3. The court also refused to instruct the jury, in form, that if the plaintiff rode his horse at a high rate of speed and in a careless, reckless, or unskilful manner when in*228jured, which contributed to the injury, he cannot recover. Careless or reckless driving is negligent driving, as every person of common intelligence knows. The substance of the proposed instruction was, therefore, that if the plaintiff rode or drove his horse in a negligent manner, which contributed to the injury, he was guilty of contributory negligence and cannot recover. It is impossible that the defendant could have been prejudiced by the refusal of such an instruction, when, as here, the nature and effect of contributory negligence was clearly and accurately stated to the jury.
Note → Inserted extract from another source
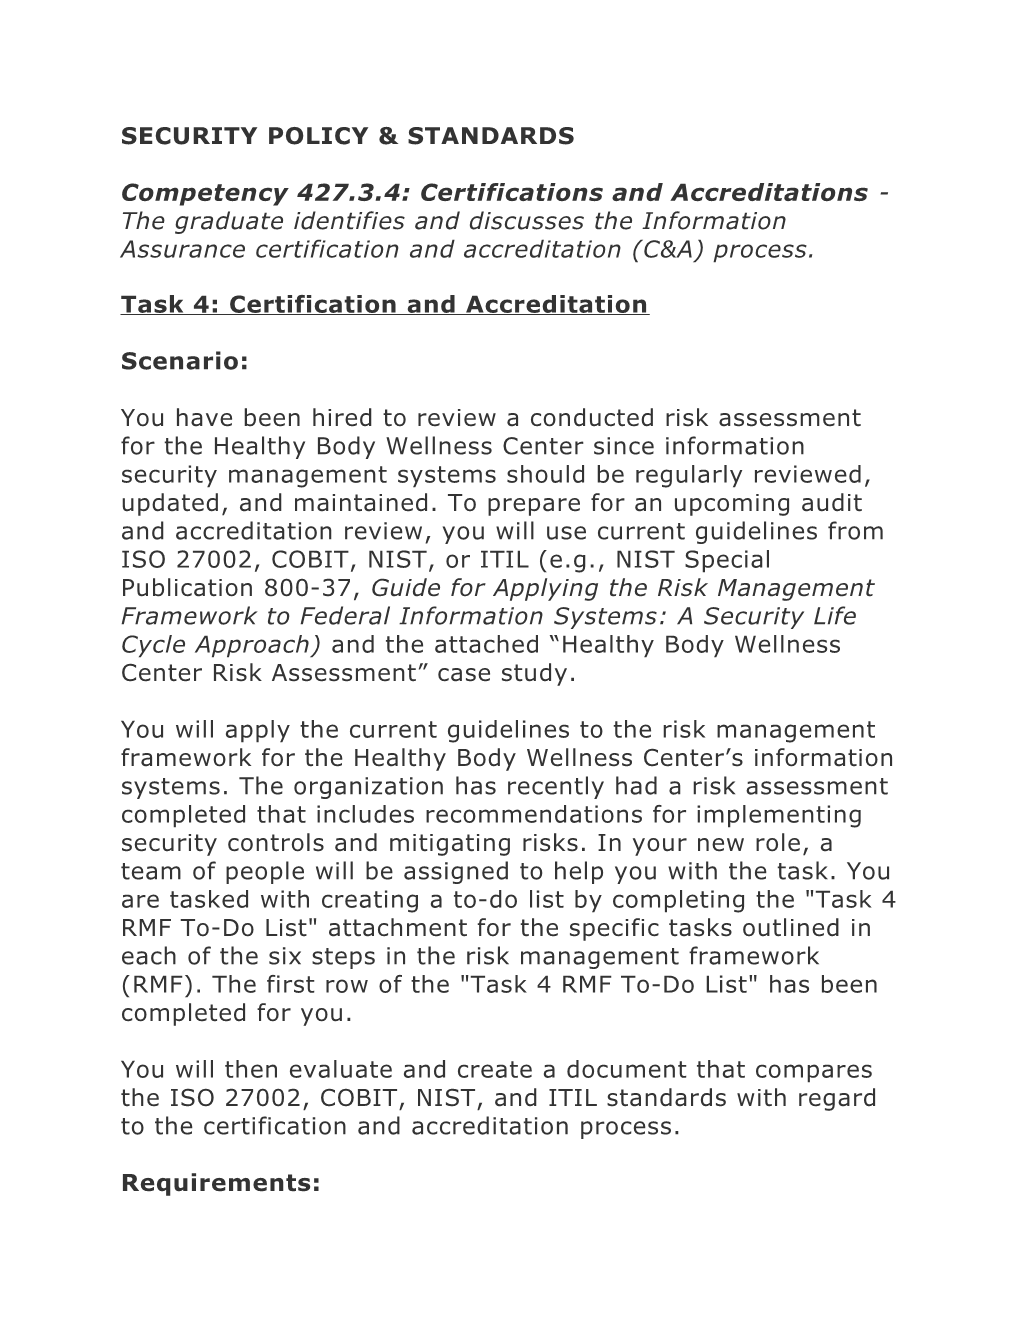 SECURITY POLICY & STANDARDS Competency 427.3.4: Certifications and Accreditations - The

The substance of the charge to the jury on the subject of contributory negligence is contained in the following paragraph, which seems to cover the whole ground. After saying that the mere fact that the plaintiff knew of the defects in the highway and had often passed there before in safety, was not conclusive evidence of negligence on his part, the court added: “Yet the knowledge of the plaintiff of such defect may be taken into consideration, on the determination of this question, with all the other circumstances disclosed by the evidence. The speed at which the plaintiff was riding at the time may be also considered in this connection : Was he riding with ordinary care, or was he riding recklessly, carelessly, at a high rate of speed, and without such care and prudence as persons of ordinary care would use under similar circumstances? You may also consider whether it was daylight or dusk at the time of the accident. You are to take all those circumstances into consideration for the purpose of determining whether he used ordinary care in riding and passing over the culvert at the time he was injured.” It seems to us that this was a full and fair submission to the jury of every fact in the case having any bearing upon the question of the alleged contributory negligence of the plaintiff.

Other points were discussed in the argument of counsel, *229but it is believed that those above determined are decisive of the case. ¥e fail to find any material error disclosed in the record, and cannot, therefore, disturb the judgment.

By the Gourt. — The judgment of the circuit court is affirmed.